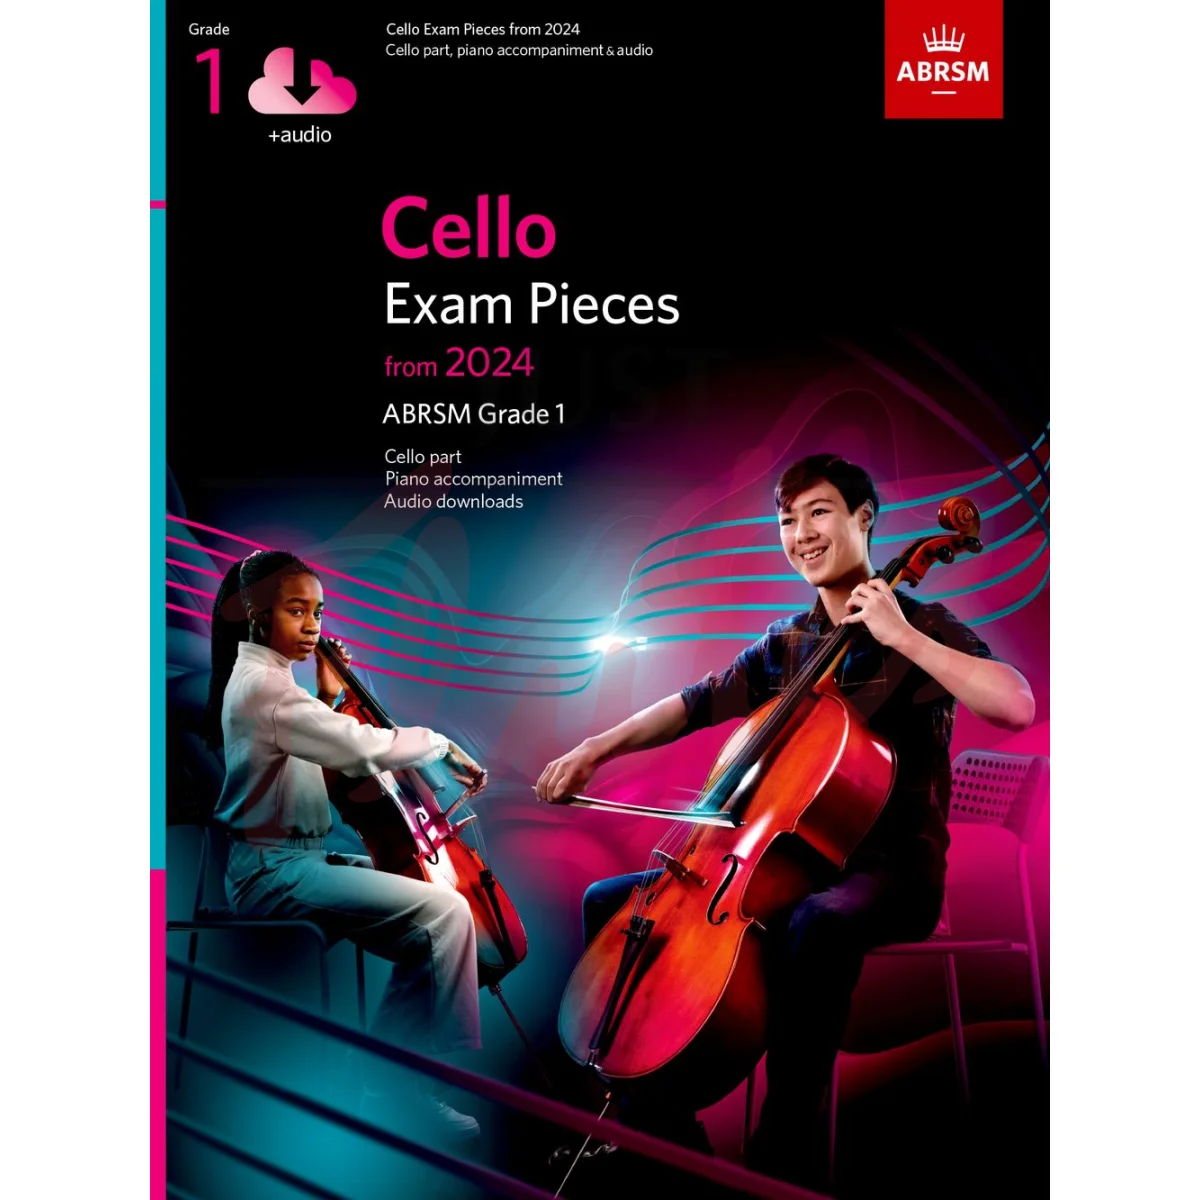 Cello Exam Pieces from 2024, Grade 1
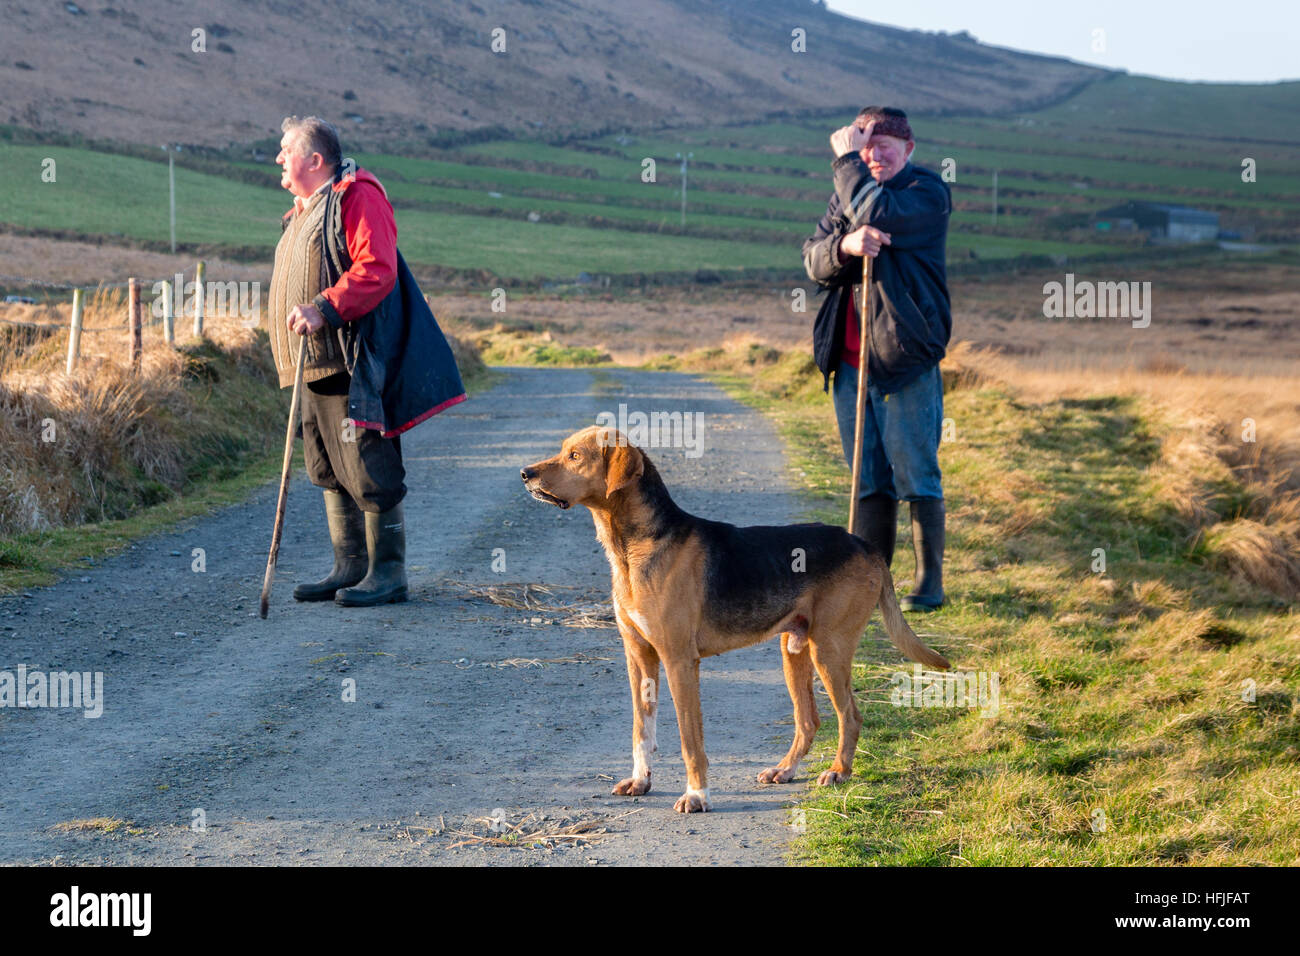 La chasse avec des chiens, Valentia Island, comté de Kerry, Irlande Banque D'Images
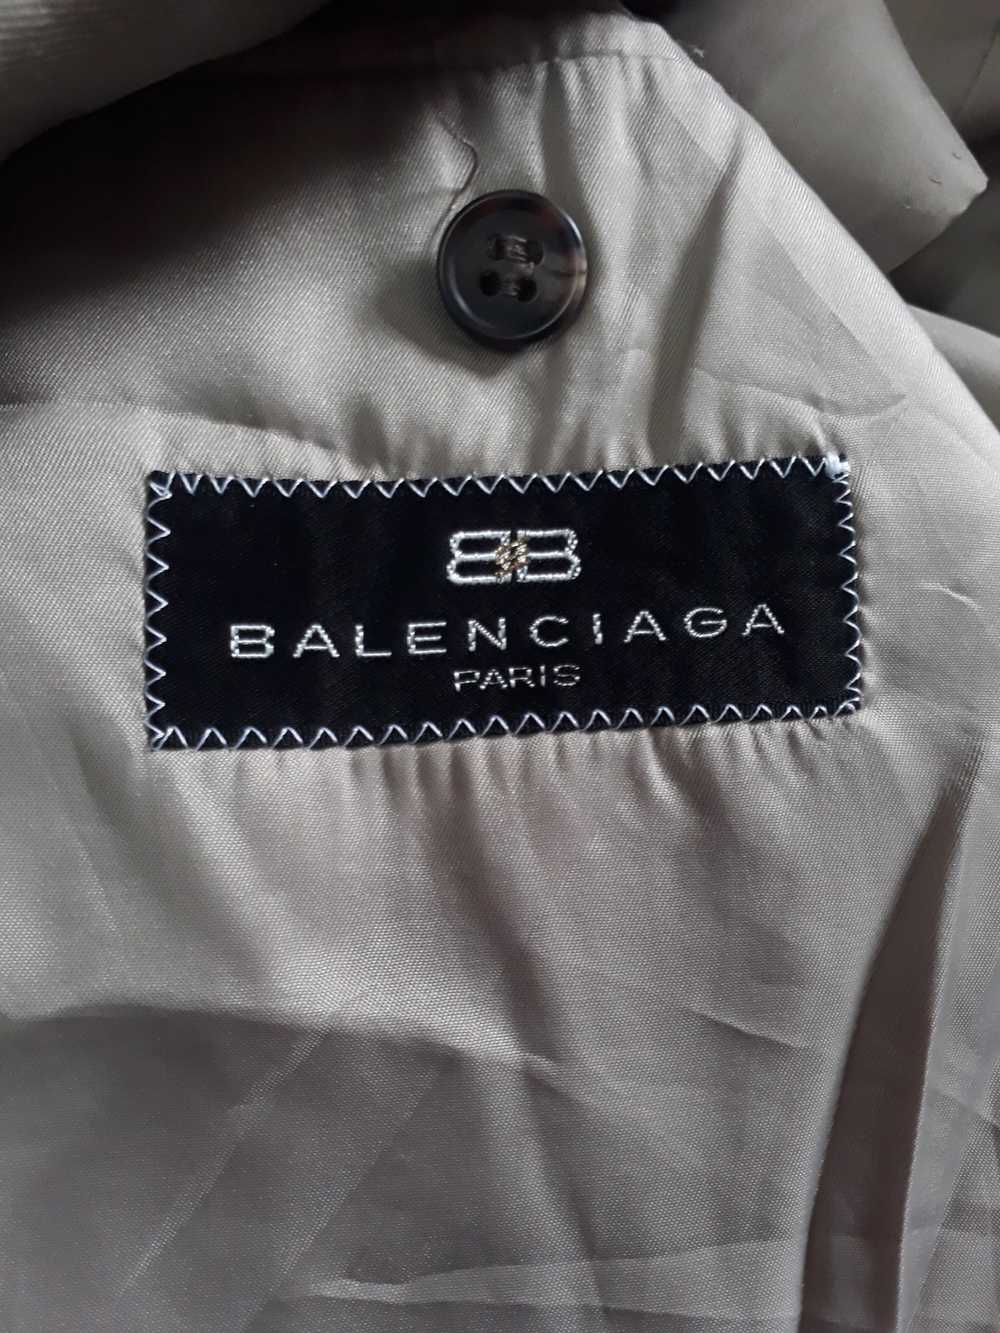 Balenciaga Balenciaga - image 8
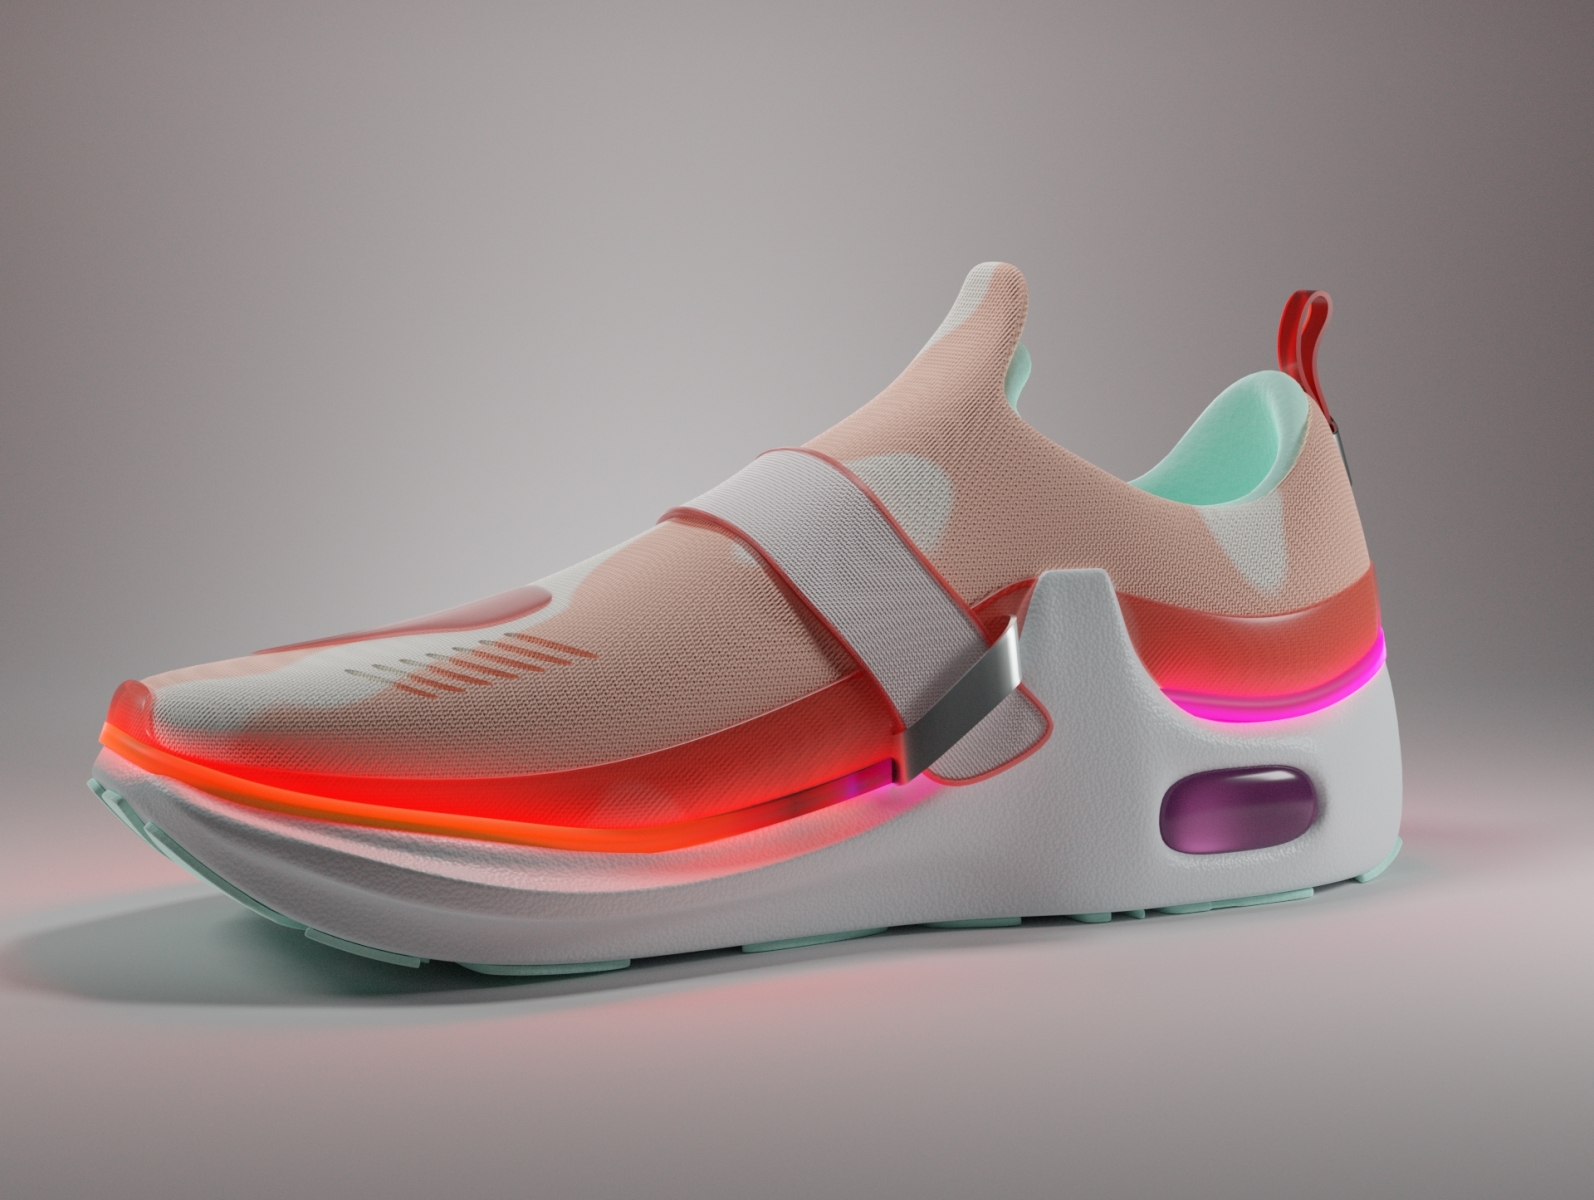 3D Footwear Design by Tony Mamulea on Dribbble

_EXERCISE GOAL_
Retype exactly, please, the span from the line holding "La chasse avec" through the closing line of the data, both ends included, without the pictures.

_YOUR SOLUTION_
 La chasse avec des chiens, Valentia Island, comté de Kerry, Irlande Banque D'Images
 Balenciaga Balenciaga - image 8
 3D Footwear Design by Tony Mamulea on Dribbble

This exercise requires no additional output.